┌──

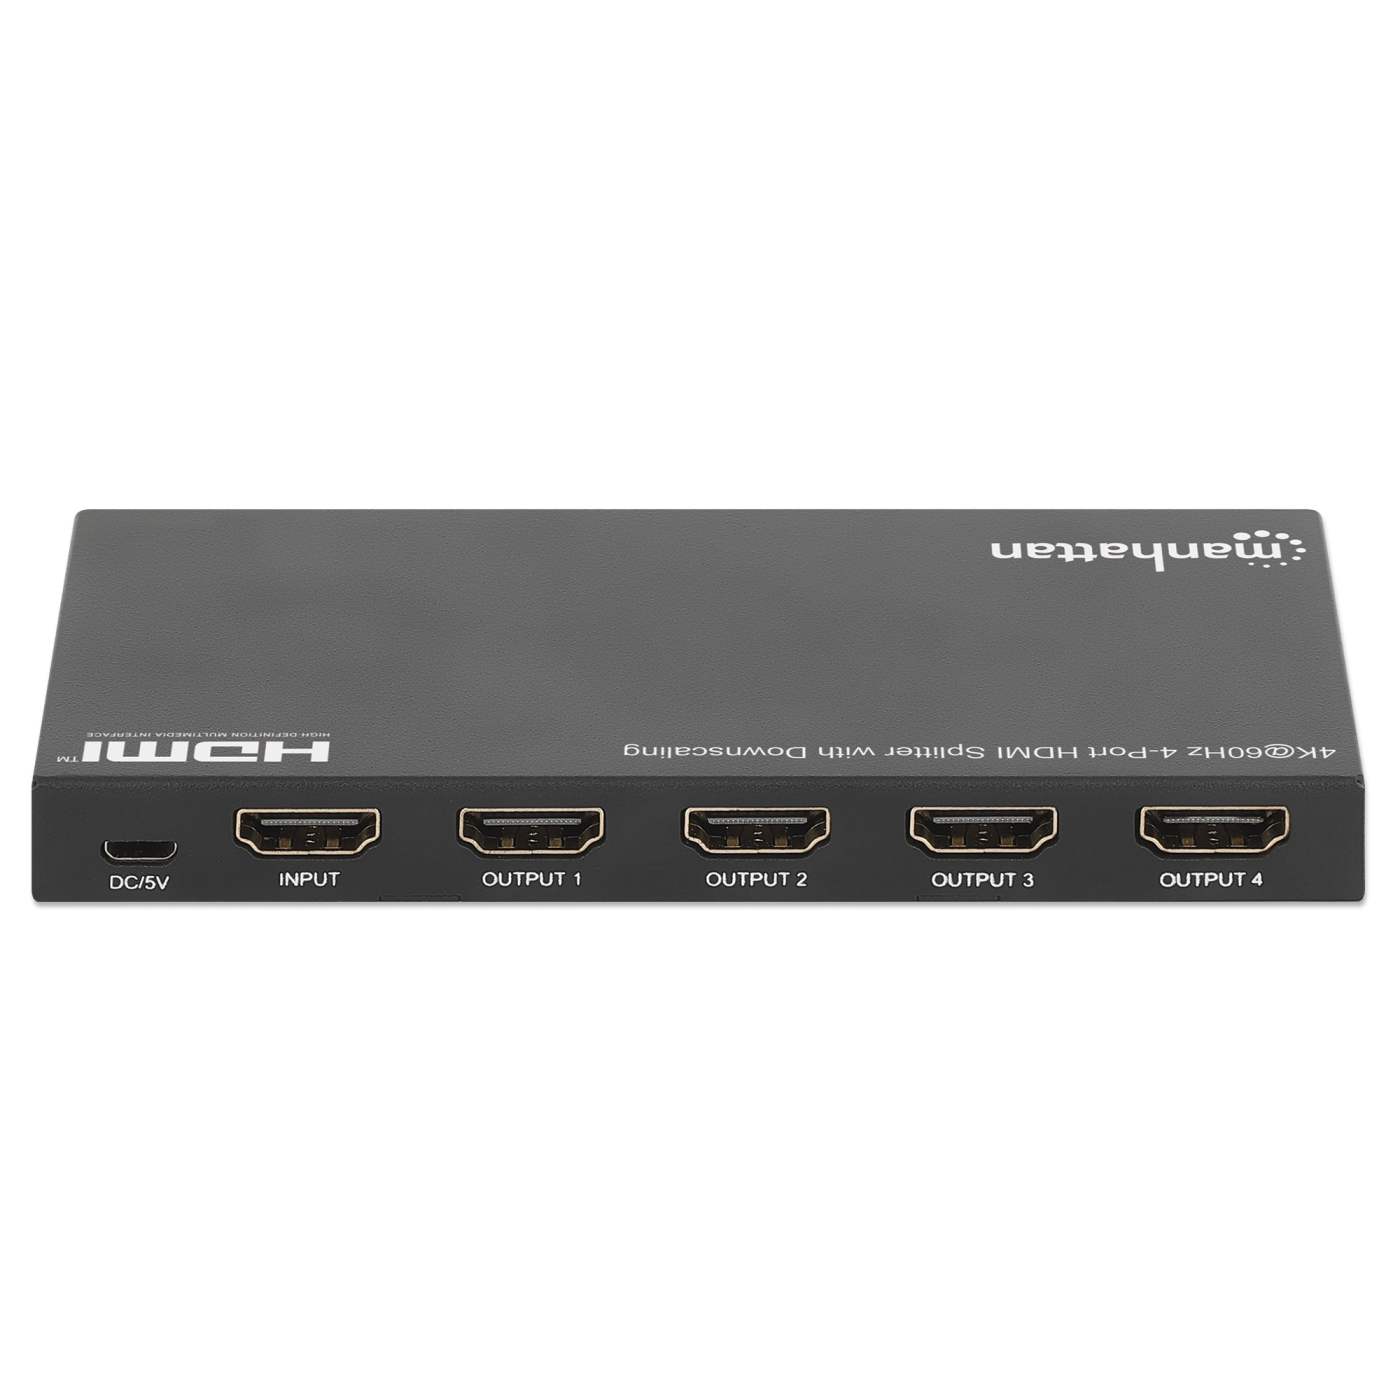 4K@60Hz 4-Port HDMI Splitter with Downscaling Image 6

└──
┌──

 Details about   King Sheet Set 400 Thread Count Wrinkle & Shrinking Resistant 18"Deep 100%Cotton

└──
┌──

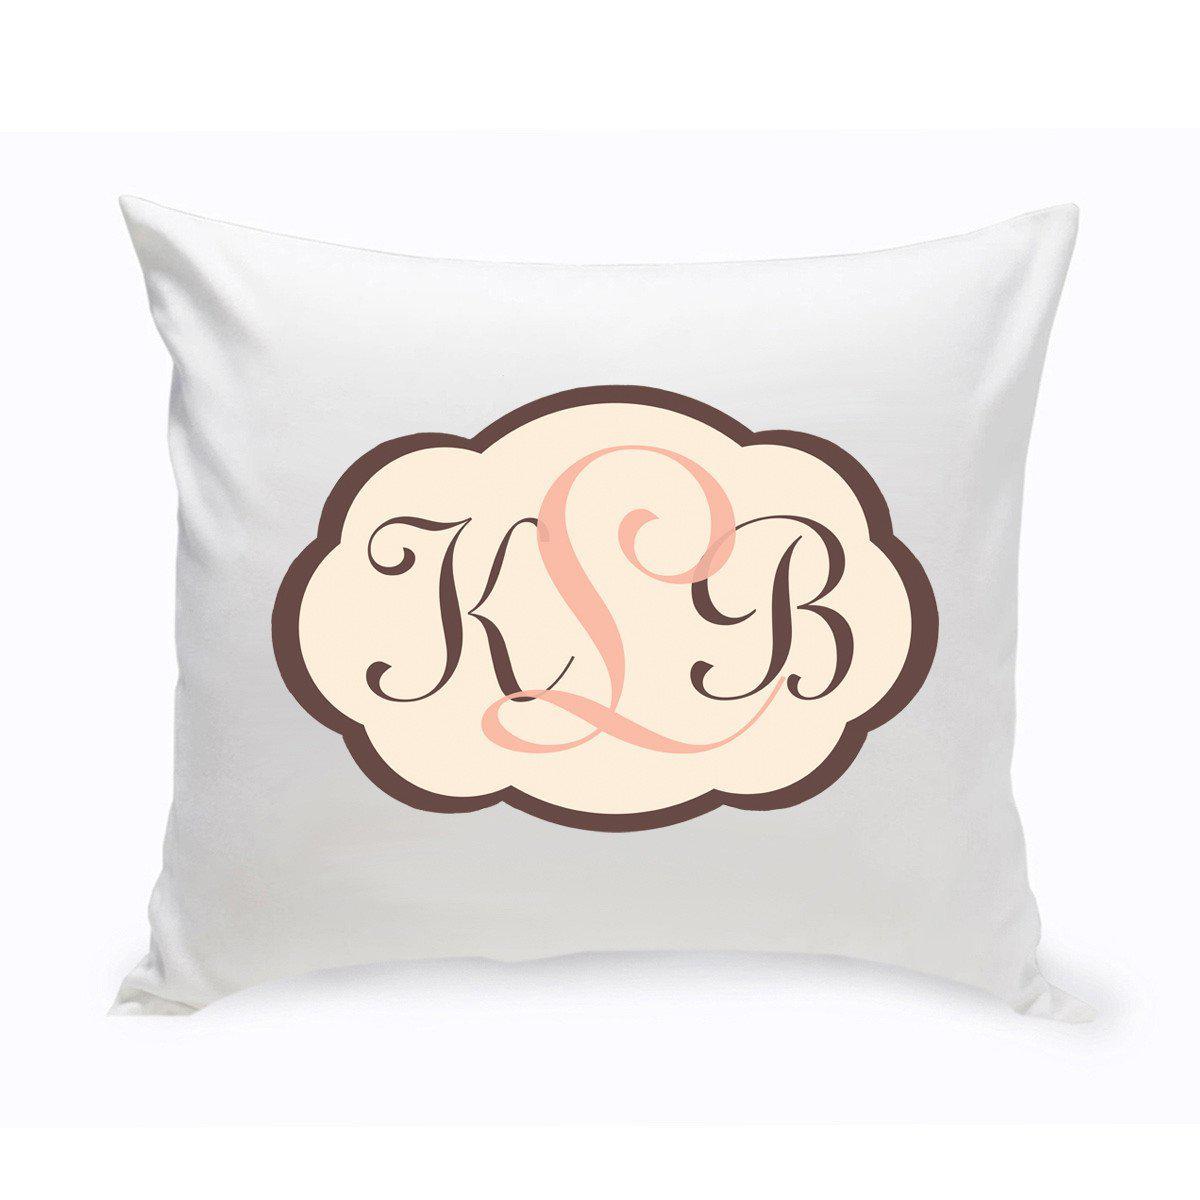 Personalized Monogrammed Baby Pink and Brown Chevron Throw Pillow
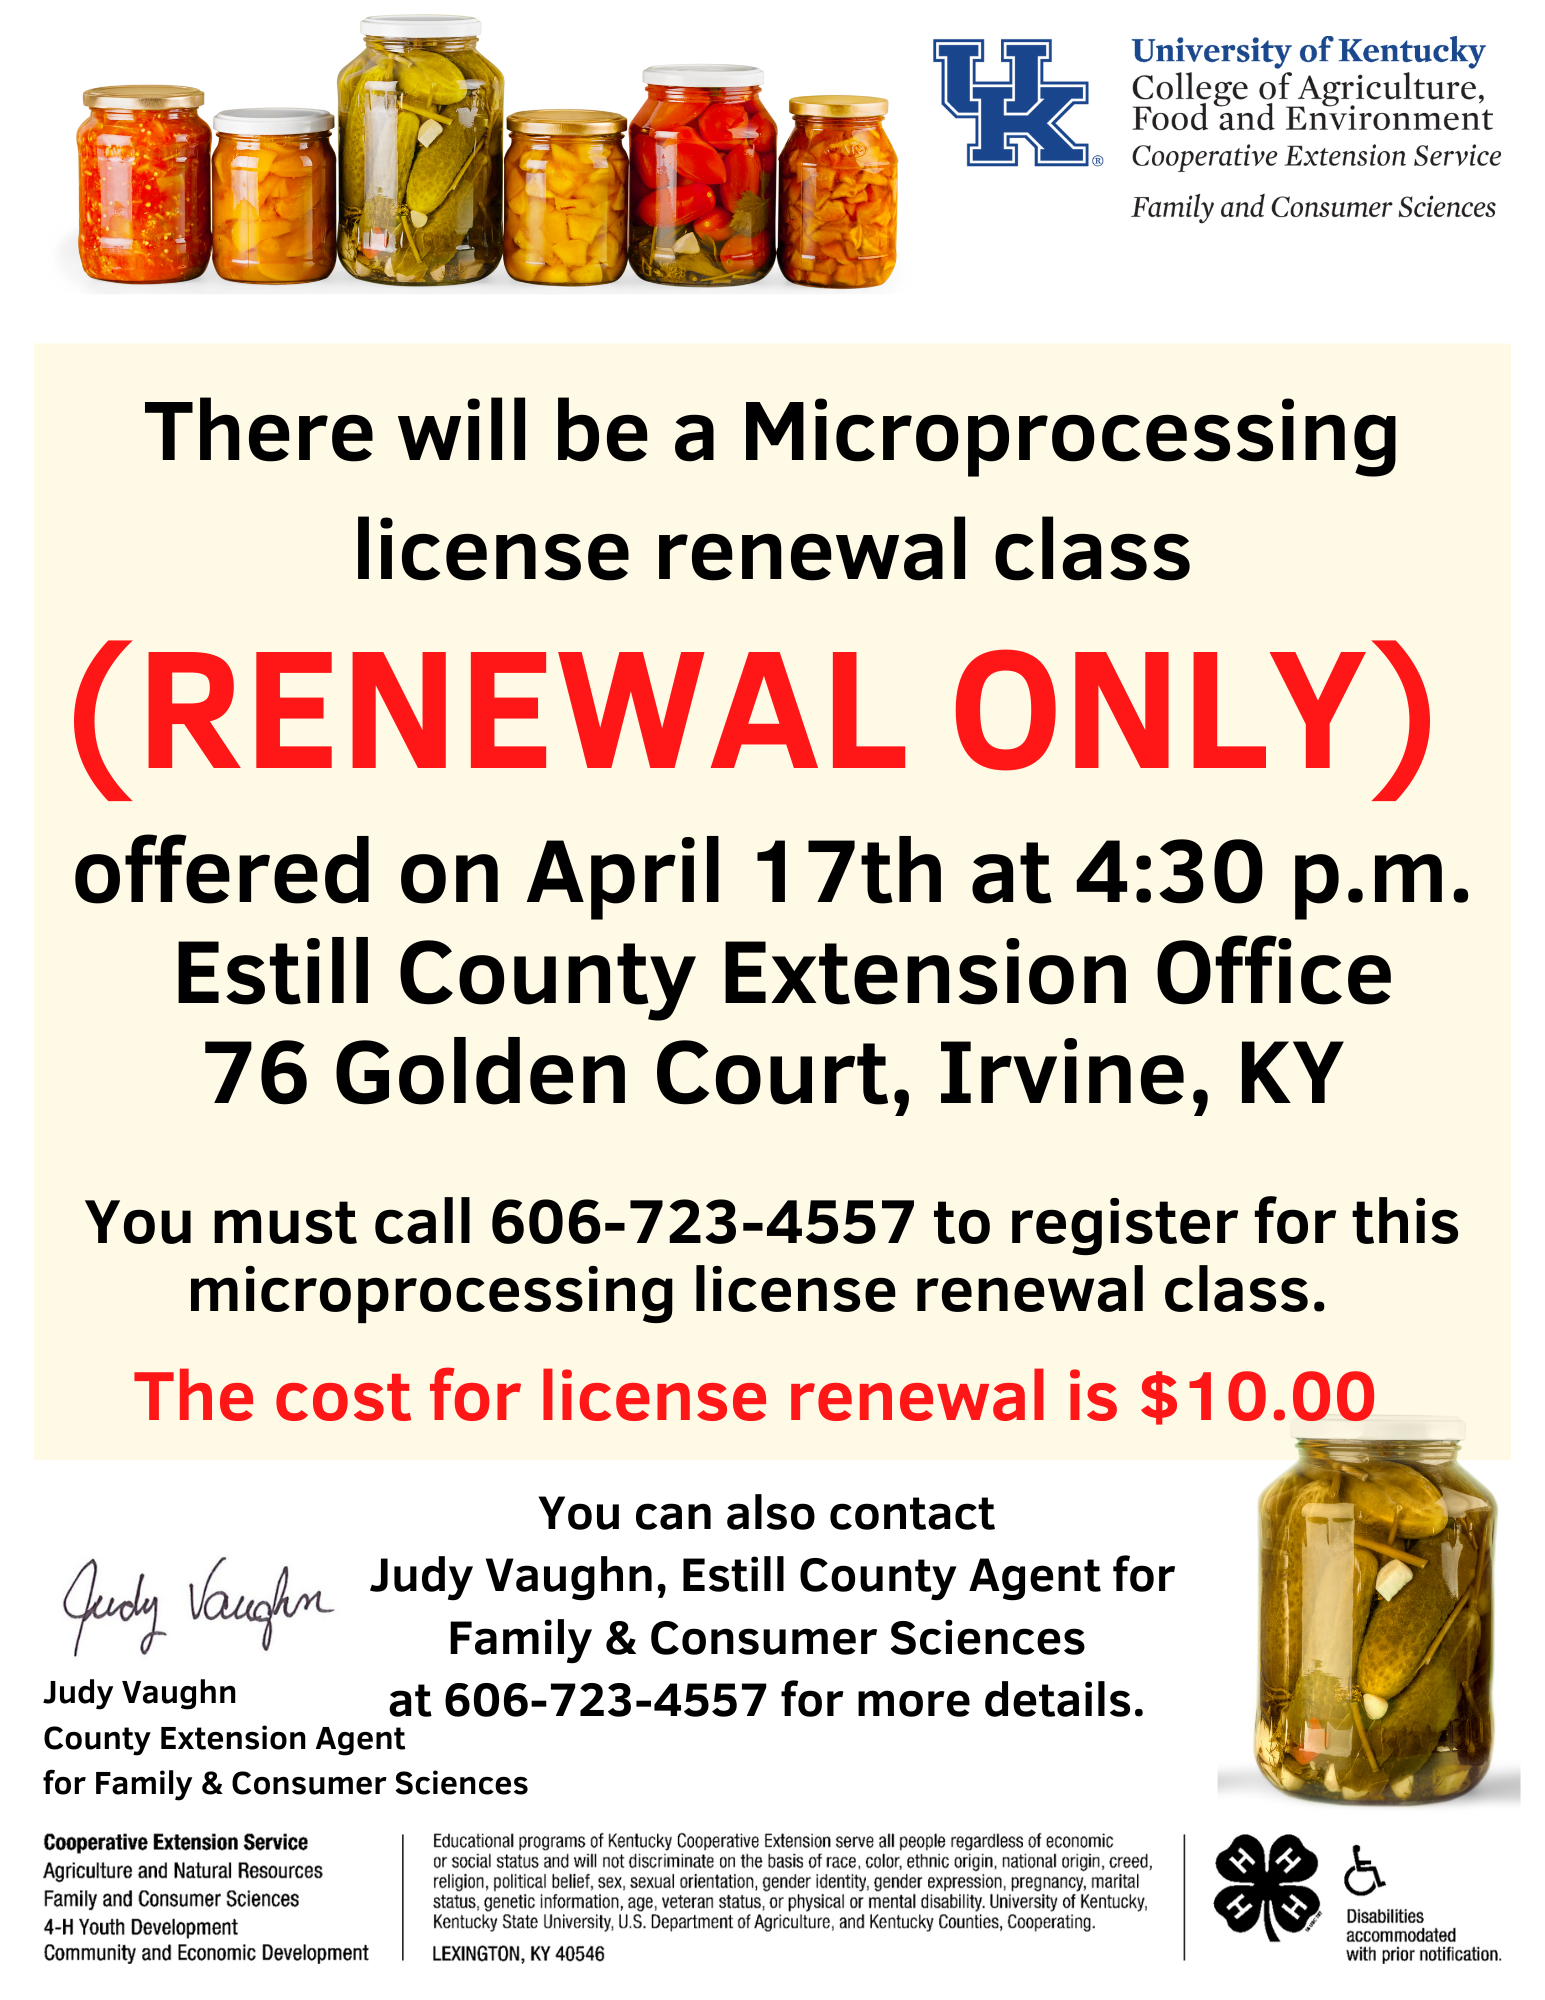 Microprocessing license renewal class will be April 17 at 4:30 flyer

└──

Within the data above, repeat exactly the lines from the one bearing "Personalized Monogrammed Baby" through the one bearing "Microprocessing license renewal". Include no pictures and nothing else.

▶ _FINAL ANSWER_
 Personalized Monogrammed Baby Pink and Brown Chevron Throw Pillow
 Microprocessing license renewal class will be April 17 at 4:30 flyer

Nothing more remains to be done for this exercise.